Even as outlets and research organizations began to build their own trackers, hardly anyone approached primary sources like doctors and hospitals to produce original databases. Our interviewees cited time constraints, and lack of skills and resources as reasons why data sourcing was narrow in the early days of the pandemic.
Most coronavirus data trackers include cases and deaths variables to show the spread of the virus. These types of visual data trackers became popular early on because they were simple to follow. But across the world, cases (and therefore charts and graphics) were not always accurate because of the variation in availability of tests and vast underreporting in many countries. Deaths caused by the virus were not always precise due to the lag on reporting them and the unnoticed deaths at the beginning of the pandemic.
Trackers that followed cases and death were more popular than those that measured hospitalizations or incidence rates. By nature, this data is more complex to measure and explain, making it harder to represent visually. And despite hospitalizations being one of the best ways to explain the evolution of the pandemic and its risks, this data wasn't widely available until much later in the pandemic.

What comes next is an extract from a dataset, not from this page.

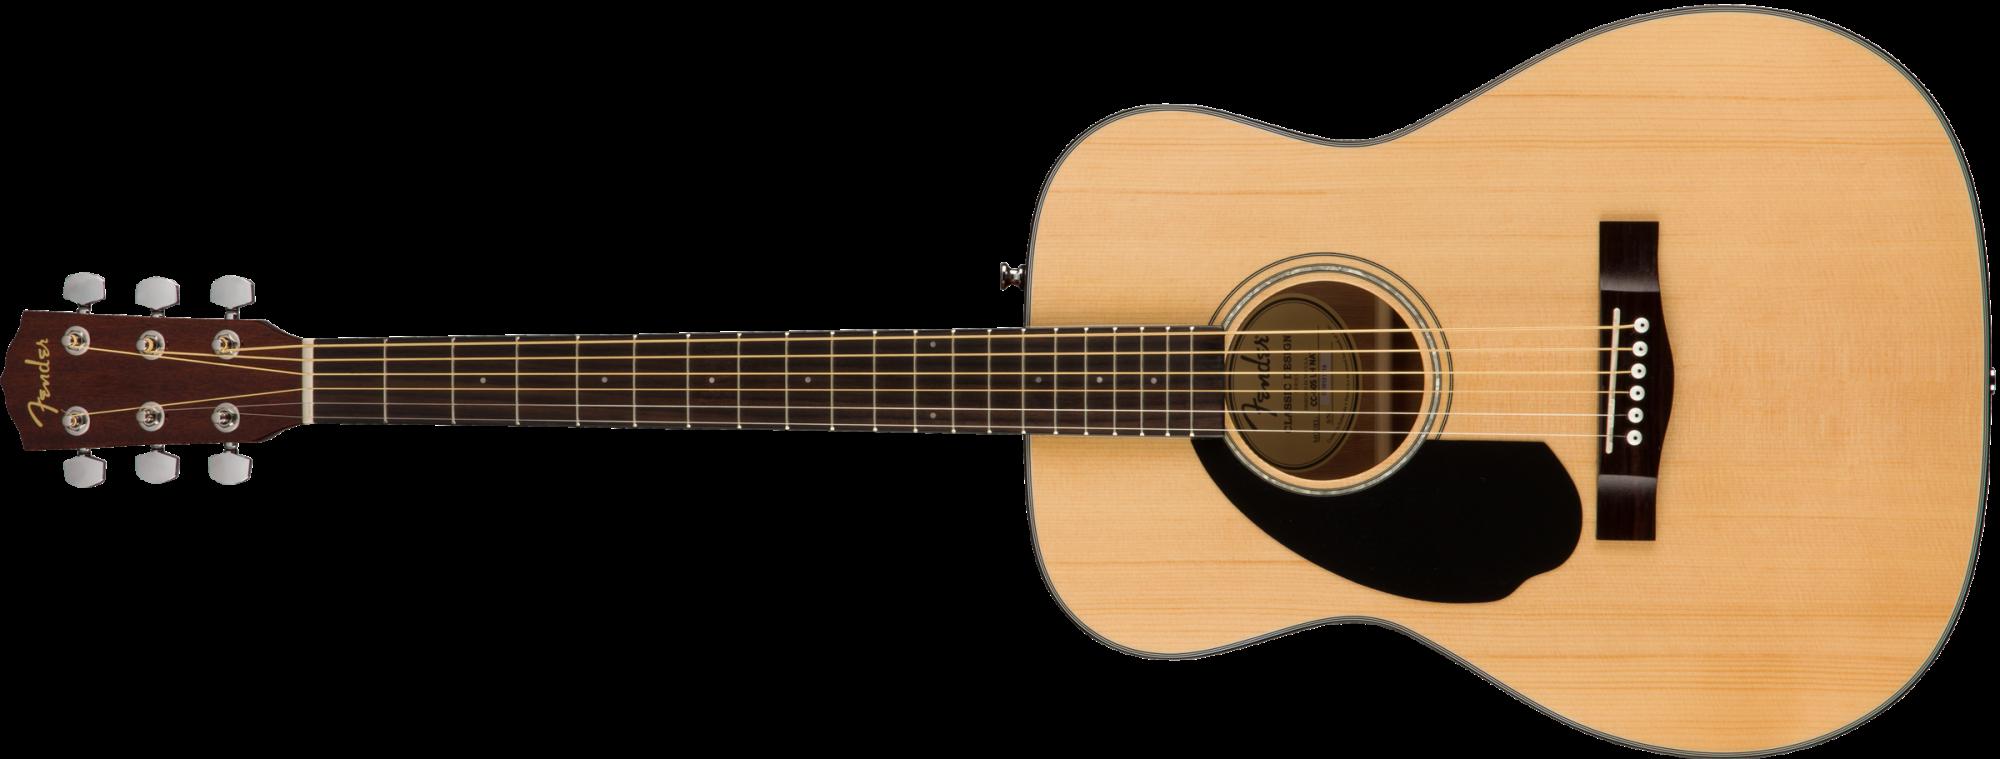 Fender CC-60S Concert LH, Walnut Fingerboard, Natural

Covering the pandemic—one of the most unprecedented news events in modern memory—was a tremendous challenge for data professionals all over the world. It was also an opportunity for data and visual journalism to populate the homepages of nearly every single media outlet across the globe. As the demand and need for data visualizations of the pandemic grew, so too did this type of journalism’s influence. To explain the pandemic in accessible ways, reporters developed a very particular visual language summarizing the spread of the virus, while also explaining risks and distilling new terms such as “herd immunity” and “flattening the curve.” The recognition and importance that analysis and visualization has received during the pandemic in media organizations should become a powerful argument to tell other data heavy stories in the future.
Editor’s Note: A full version of this report is set to be released through the Tow Center later this summer.